* **WHAT IS NEEDED**
Beginning with the line that contains "重阳节传统文化宣传海报素材", reproduce the remaining lines of the material exactly, up to and including the last one, but no pictures.

* **DATA SECTION**
..........

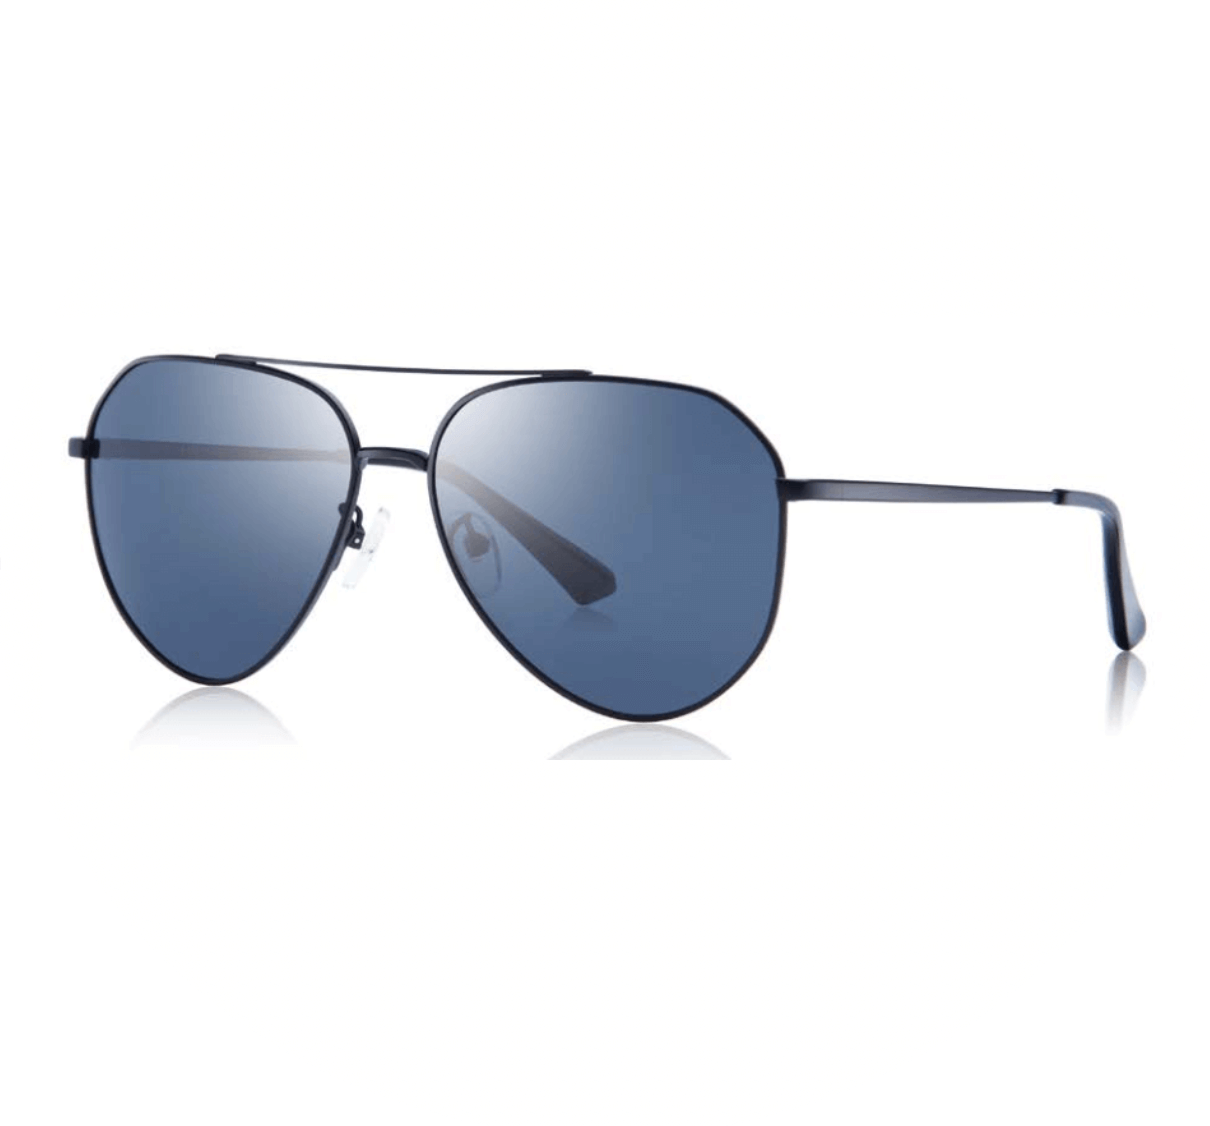 Custom Aviator Sunglasses from China - Custom Sunglasses Manufacturer - Custom Eyewear Manufacturers in China
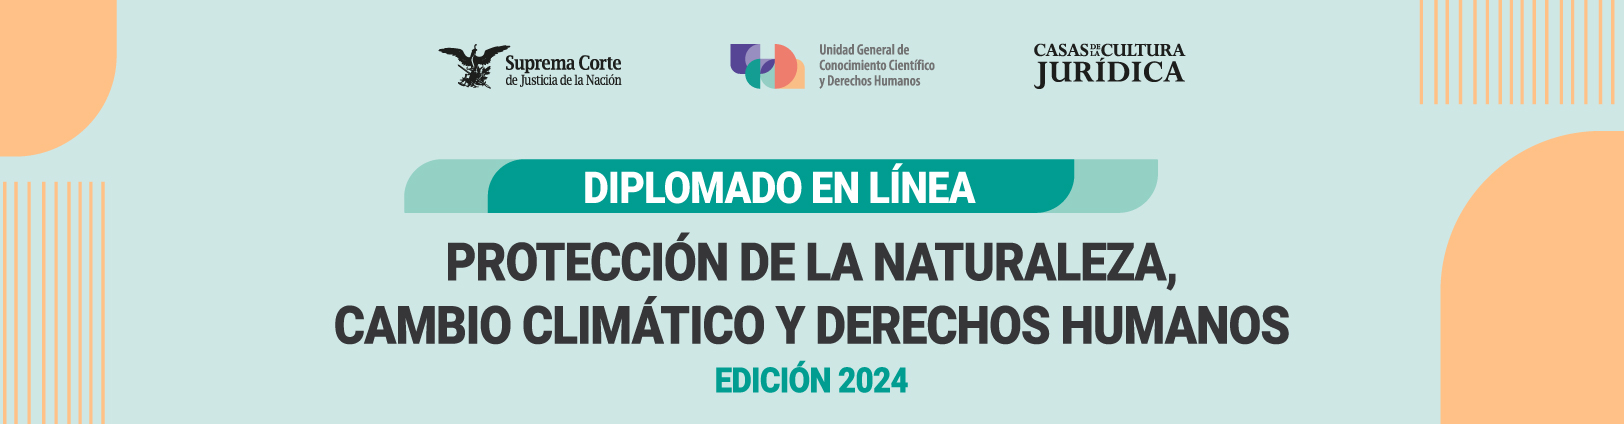 Banner del Diplomado sobre protección de la naturaleza, cambio climático y derechos humanos
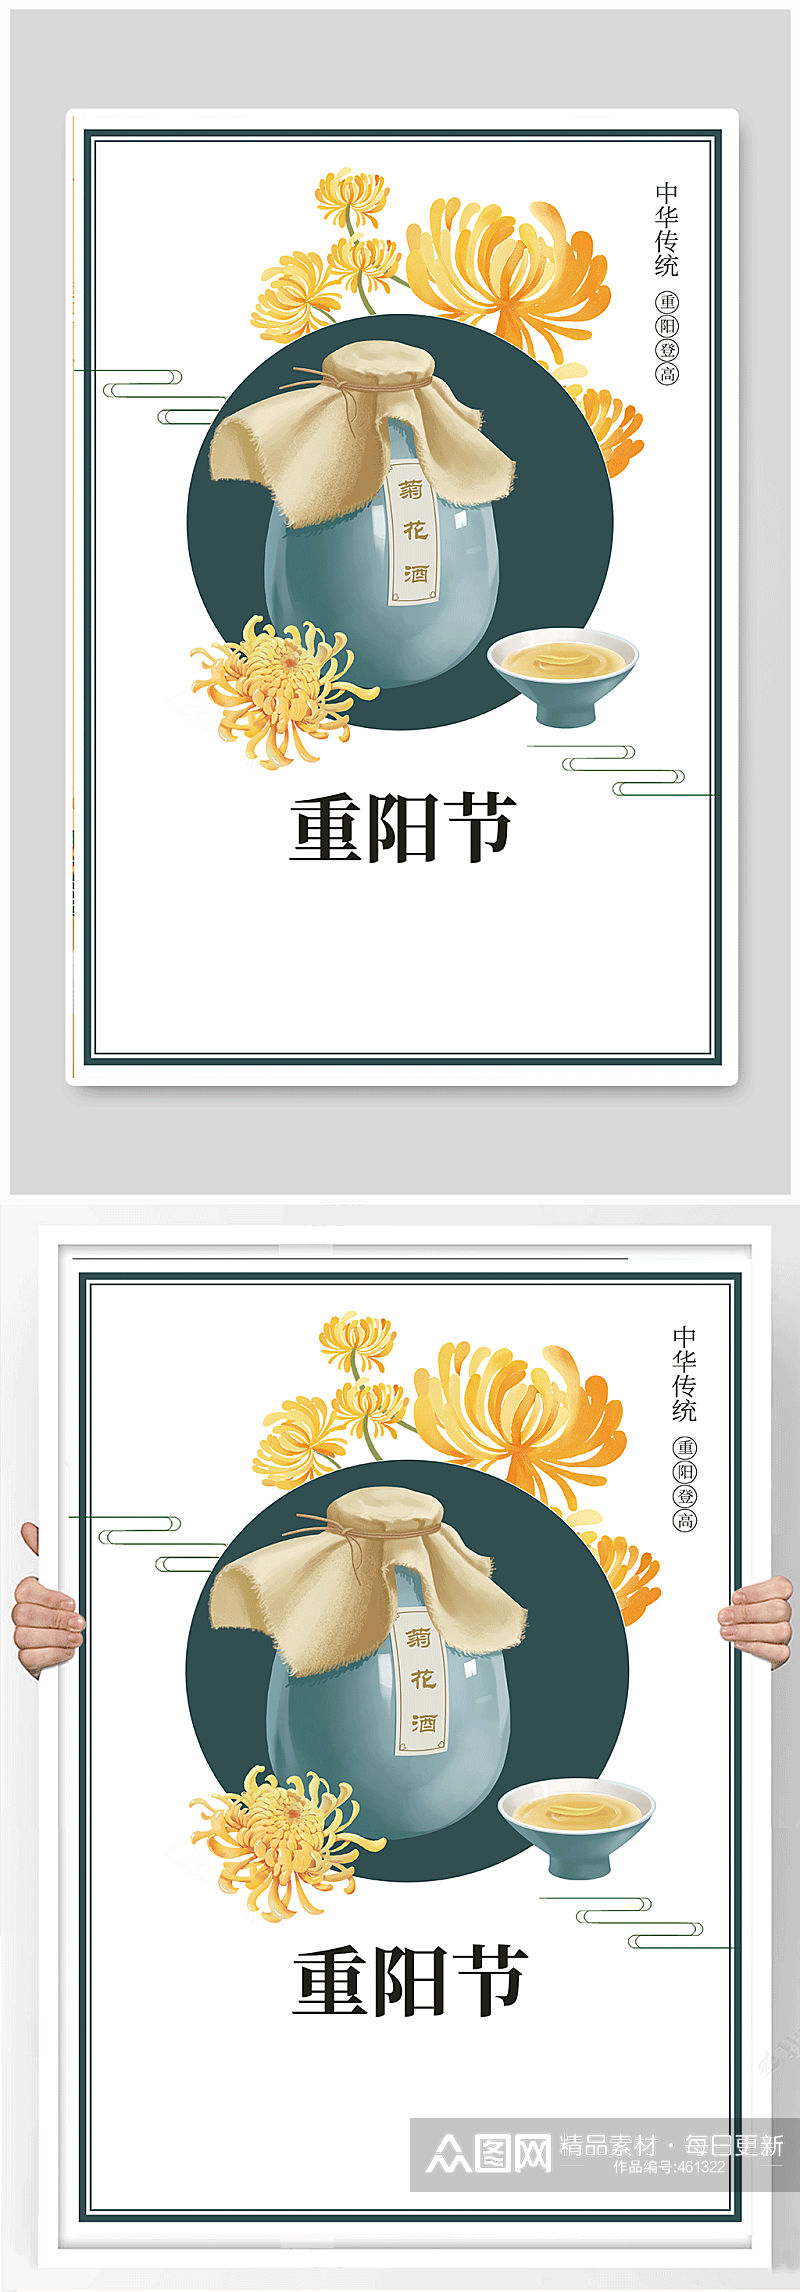 重阳节传统文化宣传海报素材
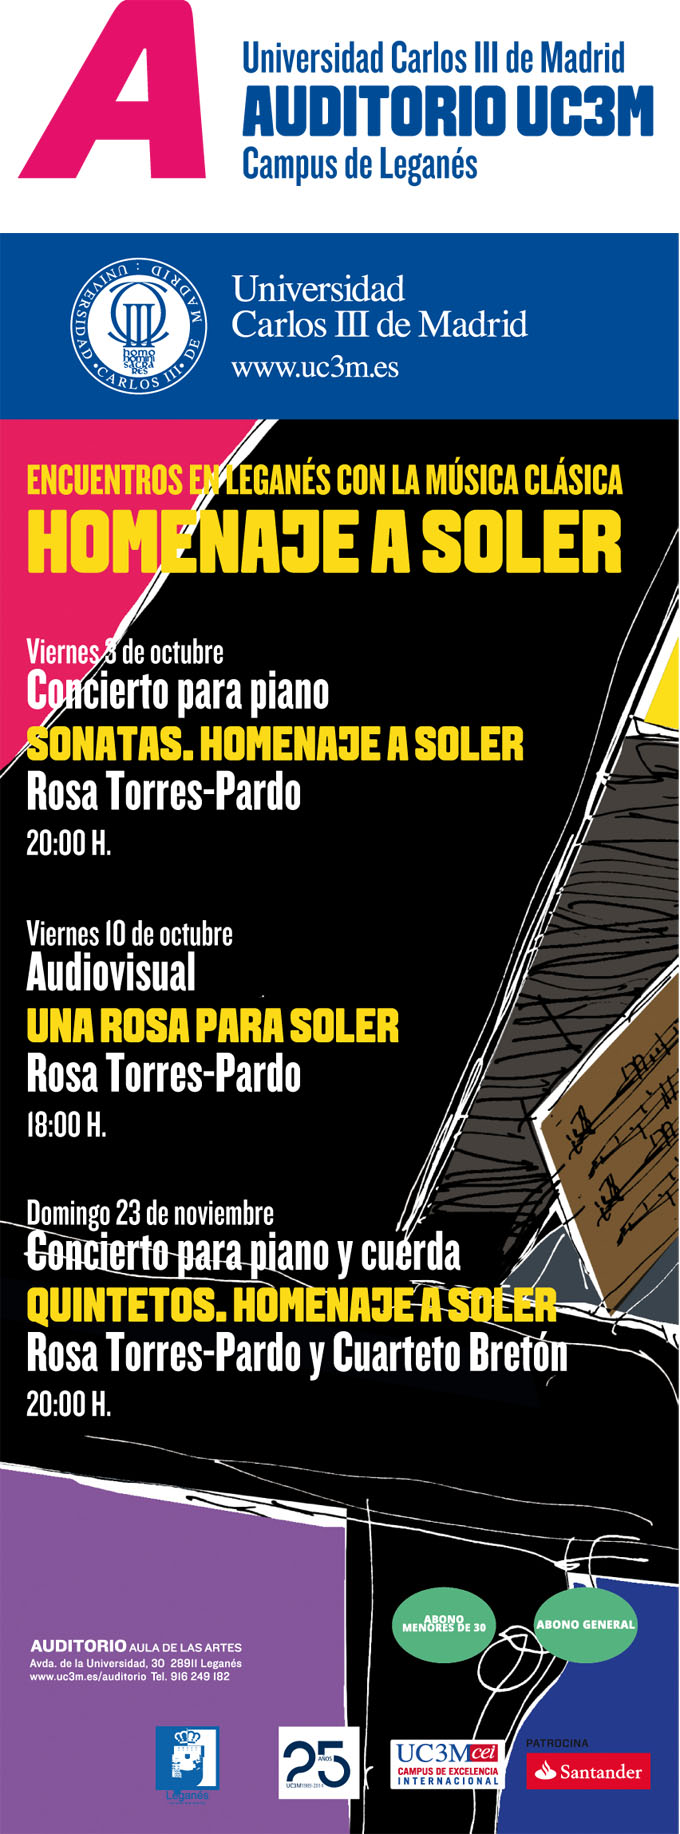 universidad carlos iii de madrid  Homenaje a Soler con Rosa Torres Pardo

..........

* **WRITTEN SOLUTION**
 重阳节传统文化宣传海报素材
 universidad carlos iii de madrid  Homenaje a Soler con Rosa Torres Pardo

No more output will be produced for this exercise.